Hiscox does offer online quotes and can activate new policies fairly quickly, but the experience isn’t as consistently fast or self-directed as Next Insurance’s digital-first platform. Some policies — especially those requiring more underwriting review or custom coverage configurations — may take a full business day or more to finalize. Hiscox is a better fit for business owners planning ahead and willing to invest a bit of time to configure the right coverage, rather than those who need something active by tomorrow morning.
Which insurer is better for independent contractors — next insurance vs hiscox?

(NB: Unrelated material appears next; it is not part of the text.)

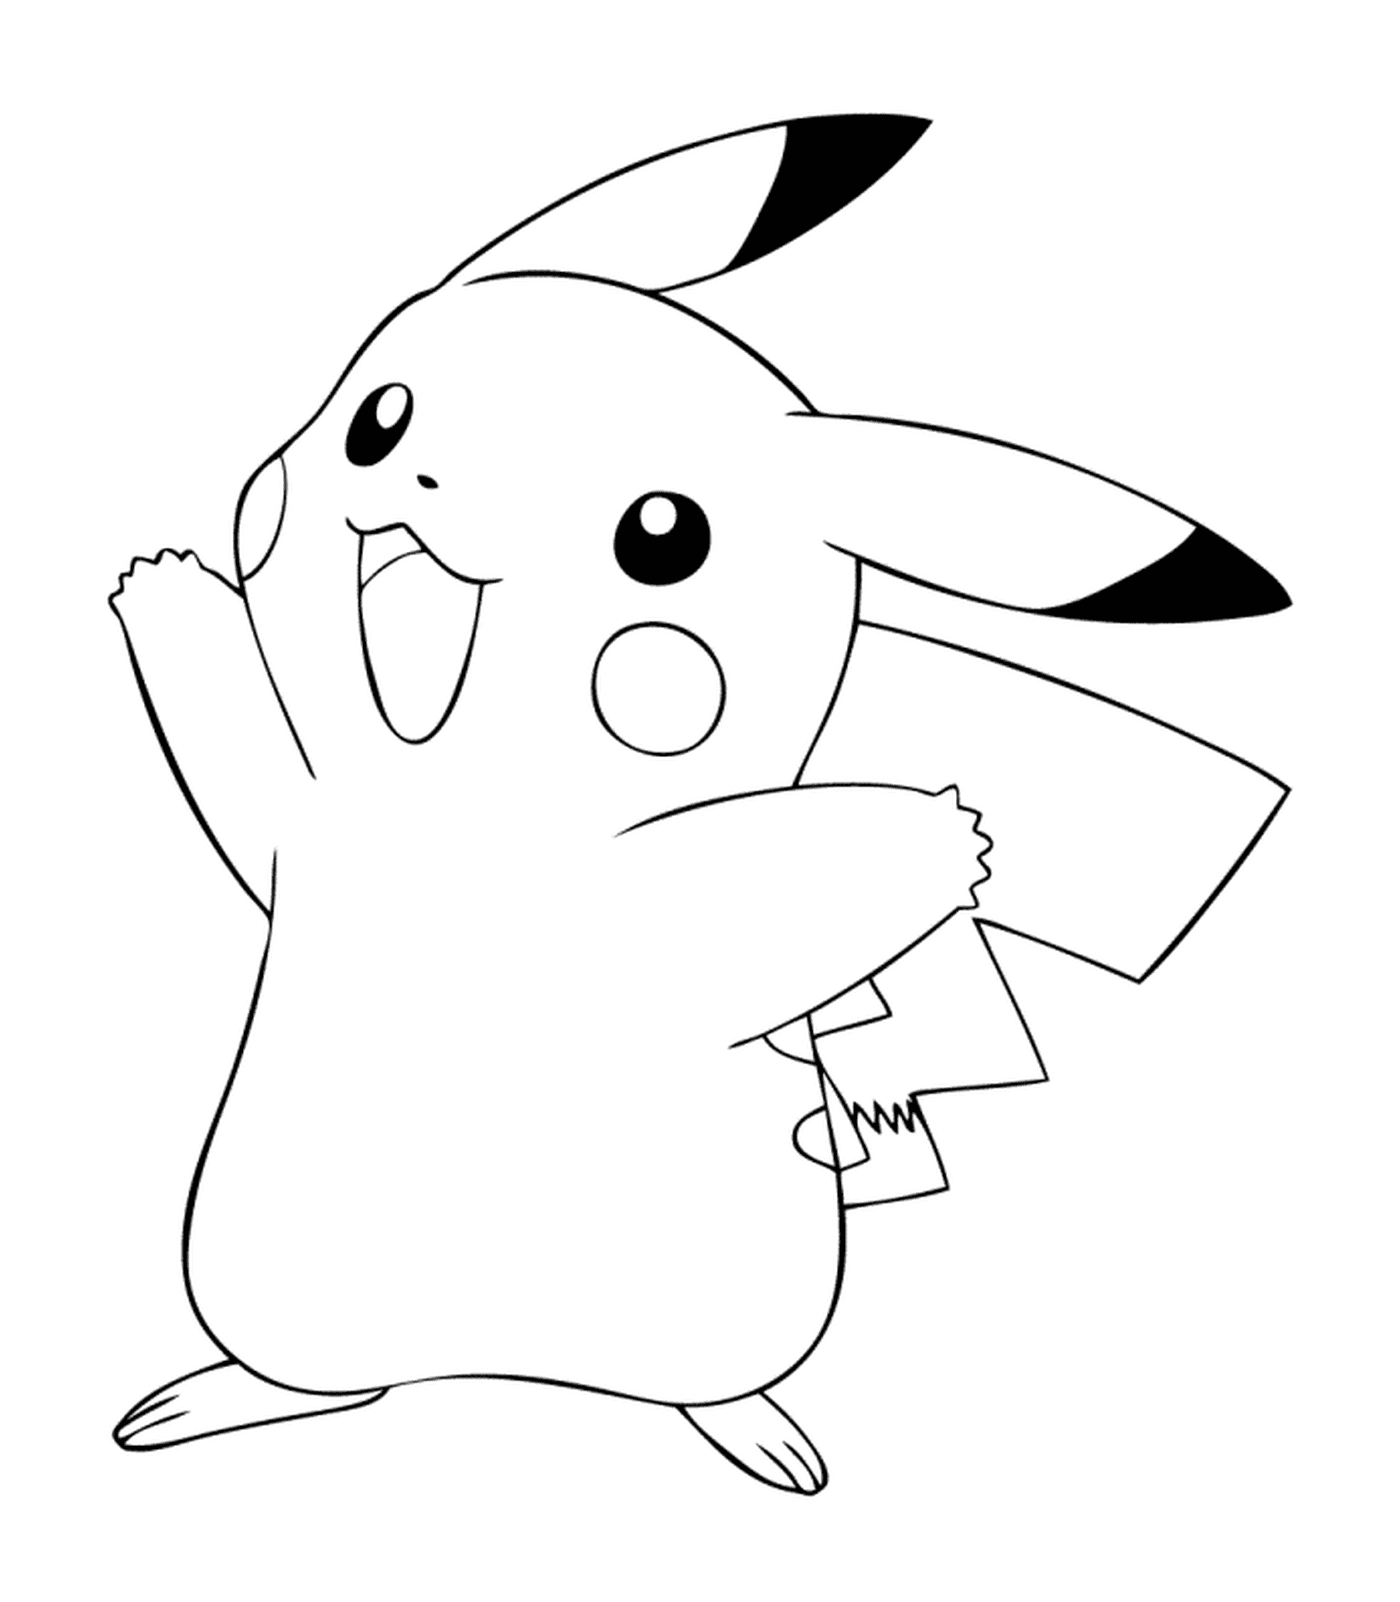  Pikachu faz um sinal amigável

The answer depends entirely on what kind of contracting work you do. For independent contractors doing physical work — carpentry, electrical, plumbing, painting, cleaning, landscaping — Next Insurance is generally the better fit. Pricing is calibrated for this audience, onboarding is fast, instant COI is a practical daily tool, and Workers’ Compensation availability means you can cover your whole business through one platform.
For independent contractors doing knowledge work — IT consulting, graphic design, copywriting, financial advising, architecture, or engineering — Hiscox is the stronger choice. Their Professional Liability product is specifically engineered for the risks that professional freelancers face: client disputes over deliverables, claims of professional negligence, and errors that cost clients money. When evaluating next insurance vs hiscox for your contracting business, the type of work you actually do matters far more than your legal business structure or LLC status. Get that right first, and the rest of the decision follows naturally.
The Verdict: Which Should You Choose?
After going through every layer of this comparison, one thing is clear: neither provider wins outright. They’re each excellent at what they’re built for. The mistake most small business owners make is choosing based on price alone or brand name recognition — and that’s how they end up either overpaying or underinsured for the actual risks their business faces.
If you do physical or trade-based work and want fast, affordable, mobile-managed coverage — Next Insurance is your answer. It’s priced right, built right, and moves at the speed small business owners actually need. If you deliver professional services and need policy language that can hold up in a real dispute — Hiscox is worth every extra dollar. Their depth of professional liability coverage and proven claims process are things you really do feel when something goes wrong.
The smartest move? Get a quote from both. Compare the actual policy documents side by side. And make the decision based on what your business does — not what anyone else tells you is the “best” option in the abstract. You can also learn more about Next Insurance or dig into our full Next Insurance review to go even deeper before committing. Don’t let the decision sit — being underinsured is always more expensive than the premium you’re trying to avoid.